TASK BRIEF: A line below contains "Sprinkles Cupcakes ATM at Disney Springs", and a later one contains "P130-h10/147 - 6114". Repeat both, with every line between them, exactly.

DATA SHOWN:
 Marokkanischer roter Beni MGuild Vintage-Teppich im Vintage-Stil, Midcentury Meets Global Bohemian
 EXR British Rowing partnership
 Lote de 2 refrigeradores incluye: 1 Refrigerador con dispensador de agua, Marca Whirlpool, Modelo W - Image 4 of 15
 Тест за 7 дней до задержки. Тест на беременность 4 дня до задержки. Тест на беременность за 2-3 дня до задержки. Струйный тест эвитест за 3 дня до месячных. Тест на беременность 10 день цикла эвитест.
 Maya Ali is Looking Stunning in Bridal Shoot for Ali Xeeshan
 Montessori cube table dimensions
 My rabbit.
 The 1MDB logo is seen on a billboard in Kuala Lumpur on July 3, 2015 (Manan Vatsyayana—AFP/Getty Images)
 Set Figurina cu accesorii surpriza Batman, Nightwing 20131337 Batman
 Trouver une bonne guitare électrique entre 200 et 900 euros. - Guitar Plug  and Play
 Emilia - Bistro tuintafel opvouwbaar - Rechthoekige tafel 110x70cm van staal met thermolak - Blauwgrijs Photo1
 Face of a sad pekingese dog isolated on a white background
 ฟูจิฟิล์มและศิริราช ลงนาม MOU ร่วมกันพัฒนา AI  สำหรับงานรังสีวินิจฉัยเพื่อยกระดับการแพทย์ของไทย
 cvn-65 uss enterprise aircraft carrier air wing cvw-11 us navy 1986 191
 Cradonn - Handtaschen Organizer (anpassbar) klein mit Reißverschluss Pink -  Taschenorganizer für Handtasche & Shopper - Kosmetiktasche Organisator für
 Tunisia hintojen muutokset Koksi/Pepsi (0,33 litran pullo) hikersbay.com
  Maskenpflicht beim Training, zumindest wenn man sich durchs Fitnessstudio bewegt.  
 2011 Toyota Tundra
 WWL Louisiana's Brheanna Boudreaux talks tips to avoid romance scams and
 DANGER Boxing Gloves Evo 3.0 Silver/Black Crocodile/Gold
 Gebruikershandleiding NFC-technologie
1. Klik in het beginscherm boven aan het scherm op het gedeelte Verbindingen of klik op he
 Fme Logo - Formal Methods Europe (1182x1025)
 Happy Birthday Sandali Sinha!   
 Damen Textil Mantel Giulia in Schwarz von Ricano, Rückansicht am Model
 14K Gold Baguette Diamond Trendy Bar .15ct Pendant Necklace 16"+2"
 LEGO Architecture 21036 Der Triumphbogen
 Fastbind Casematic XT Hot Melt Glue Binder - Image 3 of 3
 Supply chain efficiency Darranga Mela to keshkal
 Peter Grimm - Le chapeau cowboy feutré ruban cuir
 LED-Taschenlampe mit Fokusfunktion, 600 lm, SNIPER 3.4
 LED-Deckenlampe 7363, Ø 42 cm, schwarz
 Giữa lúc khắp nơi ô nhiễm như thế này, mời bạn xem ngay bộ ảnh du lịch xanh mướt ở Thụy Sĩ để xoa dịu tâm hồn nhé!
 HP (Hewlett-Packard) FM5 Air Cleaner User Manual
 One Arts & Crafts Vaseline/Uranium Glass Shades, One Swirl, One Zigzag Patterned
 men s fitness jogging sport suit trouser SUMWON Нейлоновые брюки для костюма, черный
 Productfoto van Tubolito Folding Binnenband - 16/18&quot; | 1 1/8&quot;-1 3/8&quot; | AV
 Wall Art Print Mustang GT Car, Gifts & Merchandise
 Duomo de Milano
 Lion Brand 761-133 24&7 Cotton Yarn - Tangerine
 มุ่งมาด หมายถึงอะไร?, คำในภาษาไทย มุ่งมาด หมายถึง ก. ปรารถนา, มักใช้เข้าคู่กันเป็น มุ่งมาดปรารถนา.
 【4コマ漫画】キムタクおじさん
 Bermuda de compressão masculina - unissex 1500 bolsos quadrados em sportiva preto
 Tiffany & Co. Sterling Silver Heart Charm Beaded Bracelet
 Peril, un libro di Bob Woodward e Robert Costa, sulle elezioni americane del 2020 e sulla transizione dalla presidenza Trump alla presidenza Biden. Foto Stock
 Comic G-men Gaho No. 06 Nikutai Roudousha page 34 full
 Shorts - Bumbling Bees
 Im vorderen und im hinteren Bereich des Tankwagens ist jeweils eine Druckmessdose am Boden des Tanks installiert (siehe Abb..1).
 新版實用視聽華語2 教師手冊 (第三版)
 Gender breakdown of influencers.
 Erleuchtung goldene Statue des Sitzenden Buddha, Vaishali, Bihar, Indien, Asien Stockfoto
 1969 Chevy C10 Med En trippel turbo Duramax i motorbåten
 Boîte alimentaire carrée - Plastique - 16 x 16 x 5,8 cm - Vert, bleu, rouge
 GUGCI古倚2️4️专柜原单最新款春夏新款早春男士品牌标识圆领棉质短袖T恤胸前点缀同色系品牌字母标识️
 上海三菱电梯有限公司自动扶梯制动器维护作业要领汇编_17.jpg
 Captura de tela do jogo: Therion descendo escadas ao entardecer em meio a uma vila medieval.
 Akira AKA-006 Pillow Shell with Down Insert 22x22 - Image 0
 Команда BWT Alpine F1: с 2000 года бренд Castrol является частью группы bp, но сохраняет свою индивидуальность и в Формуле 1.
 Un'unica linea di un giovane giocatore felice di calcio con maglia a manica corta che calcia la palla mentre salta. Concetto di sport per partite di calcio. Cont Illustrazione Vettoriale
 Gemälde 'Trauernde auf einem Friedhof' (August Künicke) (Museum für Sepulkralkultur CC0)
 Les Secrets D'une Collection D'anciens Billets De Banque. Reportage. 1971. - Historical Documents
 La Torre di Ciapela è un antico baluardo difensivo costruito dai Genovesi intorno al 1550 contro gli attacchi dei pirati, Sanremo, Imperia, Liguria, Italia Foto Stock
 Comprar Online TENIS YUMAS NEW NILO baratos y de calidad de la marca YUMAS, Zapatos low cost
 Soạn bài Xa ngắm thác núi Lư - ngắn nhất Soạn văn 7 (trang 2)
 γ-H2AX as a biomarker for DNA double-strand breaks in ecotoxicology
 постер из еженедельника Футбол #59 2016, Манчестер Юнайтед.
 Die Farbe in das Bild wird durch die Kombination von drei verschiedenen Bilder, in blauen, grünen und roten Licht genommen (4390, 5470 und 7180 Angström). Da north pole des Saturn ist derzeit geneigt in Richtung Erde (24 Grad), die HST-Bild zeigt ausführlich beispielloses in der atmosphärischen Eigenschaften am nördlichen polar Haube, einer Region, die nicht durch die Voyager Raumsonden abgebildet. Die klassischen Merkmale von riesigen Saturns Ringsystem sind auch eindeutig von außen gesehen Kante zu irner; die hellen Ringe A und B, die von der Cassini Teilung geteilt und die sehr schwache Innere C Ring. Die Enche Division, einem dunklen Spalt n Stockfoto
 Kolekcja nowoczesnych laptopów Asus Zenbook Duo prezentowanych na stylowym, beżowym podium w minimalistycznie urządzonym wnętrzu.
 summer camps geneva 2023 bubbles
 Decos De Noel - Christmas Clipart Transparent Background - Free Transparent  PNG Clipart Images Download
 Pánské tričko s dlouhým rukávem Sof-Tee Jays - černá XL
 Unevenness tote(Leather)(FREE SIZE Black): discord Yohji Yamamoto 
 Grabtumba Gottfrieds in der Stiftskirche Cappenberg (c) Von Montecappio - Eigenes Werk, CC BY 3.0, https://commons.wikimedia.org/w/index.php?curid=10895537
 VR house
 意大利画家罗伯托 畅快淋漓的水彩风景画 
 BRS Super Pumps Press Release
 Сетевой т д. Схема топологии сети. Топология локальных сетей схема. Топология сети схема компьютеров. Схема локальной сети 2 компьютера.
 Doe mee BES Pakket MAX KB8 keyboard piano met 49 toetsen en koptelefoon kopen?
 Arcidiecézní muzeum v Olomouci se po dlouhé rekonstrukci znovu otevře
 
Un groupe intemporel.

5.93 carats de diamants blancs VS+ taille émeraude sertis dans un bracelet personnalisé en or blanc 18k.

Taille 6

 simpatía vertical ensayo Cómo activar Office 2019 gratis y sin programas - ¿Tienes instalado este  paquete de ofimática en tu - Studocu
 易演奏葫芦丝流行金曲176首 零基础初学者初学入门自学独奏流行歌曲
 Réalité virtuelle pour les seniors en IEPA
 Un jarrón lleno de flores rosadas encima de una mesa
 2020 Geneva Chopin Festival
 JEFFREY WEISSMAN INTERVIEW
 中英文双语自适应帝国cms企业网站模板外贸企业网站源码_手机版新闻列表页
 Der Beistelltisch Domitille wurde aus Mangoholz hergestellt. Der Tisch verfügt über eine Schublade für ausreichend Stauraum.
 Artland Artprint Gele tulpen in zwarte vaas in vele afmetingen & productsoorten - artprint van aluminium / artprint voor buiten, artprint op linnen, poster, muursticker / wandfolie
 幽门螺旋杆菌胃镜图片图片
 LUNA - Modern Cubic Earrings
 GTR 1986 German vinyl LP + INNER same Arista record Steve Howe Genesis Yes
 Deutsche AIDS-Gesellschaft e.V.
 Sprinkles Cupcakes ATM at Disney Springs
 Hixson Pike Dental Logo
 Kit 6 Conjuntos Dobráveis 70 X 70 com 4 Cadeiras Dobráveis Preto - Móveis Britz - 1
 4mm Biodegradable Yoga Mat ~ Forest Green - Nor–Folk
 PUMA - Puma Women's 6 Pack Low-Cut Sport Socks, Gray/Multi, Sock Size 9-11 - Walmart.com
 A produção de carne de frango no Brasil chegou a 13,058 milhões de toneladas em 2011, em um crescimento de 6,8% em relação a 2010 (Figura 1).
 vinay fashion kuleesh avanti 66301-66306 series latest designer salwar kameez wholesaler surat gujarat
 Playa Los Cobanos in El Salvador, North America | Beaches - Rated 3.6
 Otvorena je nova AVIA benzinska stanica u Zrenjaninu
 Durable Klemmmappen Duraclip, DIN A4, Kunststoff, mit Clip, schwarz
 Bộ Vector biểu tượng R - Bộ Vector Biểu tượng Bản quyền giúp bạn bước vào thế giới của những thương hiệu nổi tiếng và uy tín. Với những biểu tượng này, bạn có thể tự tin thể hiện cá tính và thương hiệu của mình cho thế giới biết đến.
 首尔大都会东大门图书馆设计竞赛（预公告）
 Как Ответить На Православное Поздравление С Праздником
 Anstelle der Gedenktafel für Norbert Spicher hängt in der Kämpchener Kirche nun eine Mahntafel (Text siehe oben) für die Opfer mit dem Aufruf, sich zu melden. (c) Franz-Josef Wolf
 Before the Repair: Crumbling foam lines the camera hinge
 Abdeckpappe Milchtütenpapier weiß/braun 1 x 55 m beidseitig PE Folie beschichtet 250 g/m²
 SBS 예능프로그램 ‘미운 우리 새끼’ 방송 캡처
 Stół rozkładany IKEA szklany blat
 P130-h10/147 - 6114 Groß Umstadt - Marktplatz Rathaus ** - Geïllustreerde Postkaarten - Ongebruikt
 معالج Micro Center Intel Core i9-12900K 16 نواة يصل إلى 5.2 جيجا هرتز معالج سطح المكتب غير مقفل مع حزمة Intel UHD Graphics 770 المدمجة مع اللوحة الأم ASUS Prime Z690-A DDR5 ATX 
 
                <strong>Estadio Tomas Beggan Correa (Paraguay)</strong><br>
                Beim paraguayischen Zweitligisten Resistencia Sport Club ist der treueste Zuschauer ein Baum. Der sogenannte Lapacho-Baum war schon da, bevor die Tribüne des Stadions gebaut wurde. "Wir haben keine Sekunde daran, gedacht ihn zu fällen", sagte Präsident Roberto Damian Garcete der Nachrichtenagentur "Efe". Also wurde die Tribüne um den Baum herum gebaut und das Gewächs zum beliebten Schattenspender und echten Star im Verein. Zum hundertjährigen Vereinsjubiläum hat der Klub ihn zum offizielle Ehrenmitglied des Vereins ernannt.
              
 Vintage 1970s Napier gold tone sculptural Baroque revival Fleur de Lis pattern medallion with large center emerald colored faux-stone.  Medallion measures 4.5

COMPLETED EXERCISE:
 Sprinkles Cupcakes ATM at Disney Springs
 Hixson Pike Dental Logo
 Kit 6 Conjuntos Dobráveis 70 X 70 com 4 Cadeiras Dobráveis Preto - Móveis Britz - 1
 4mm Biodegradable Yoga Mat ~ Forest Green - Nor–Folk
 PUMA - Puma Women's 6 Pack Low-Cut Sport Socks, Gray/Multi, Sock Size 9-11 - Walmart.com
 A produção de carne de frango no Brasil chegou a 13,058 milhões de toneladas em 2011, em um crescimento de 6,8% em relação a 2010 (Figura 1).
 vinay fashion kuleesh avanti 66301-66306 series latest designer salwar kameez wholesaler surat gujarat
 Playa Los Cobanos in El Salvador, North America | Beaches - Rated 3.6
 Otvorena je nova AVIA benzinska stanica u Zrenjaninu
 Durable Klemmmappen Duraclip, DIN A4, Kunststoff, mit Clip, schwarz
 Bộ Vector biểu tượng R - Bộ Vector Biểu tượng Bản quyền giúp bạn bước vào thế giới của những thương hiệu nổi tiếng và uy tín. Với những biểu tượng này, bạn có thể tự tin thể hiện cá tính và thương hiệu của mình cho thế giới biết đến.
 首尔大都会东大门图书馆设计竞赛（预公告）
 Как Ответить На Православное Поздравление С Праздником
 Anstelle der Gedenktafel für Norbert Spicher hängt in der Kämpchener Kirche nun eine Mahntafel (Text siehe oben) für die Opfer mit dem Aufruf, sich zu melden. (c) Franz-Josef Wolf
 Before the Repair: Crumbling foam lines the camera hinge
 Abdeckpappe Milchtütenpapier weiß/braun 1 x 55 m beidseitig PE Folie beschichtet 250 g/m²
 SBS 예능프로그램 ‘미운 우리 새끼’ 방송 캡처
 Stół rozkładany IKEA szklany blat
 P130-h10/147 - 6114 Groß Umstadt - Marktplatz Rathaus ** - Geïllustreerde Postkaarten - Ongebruikt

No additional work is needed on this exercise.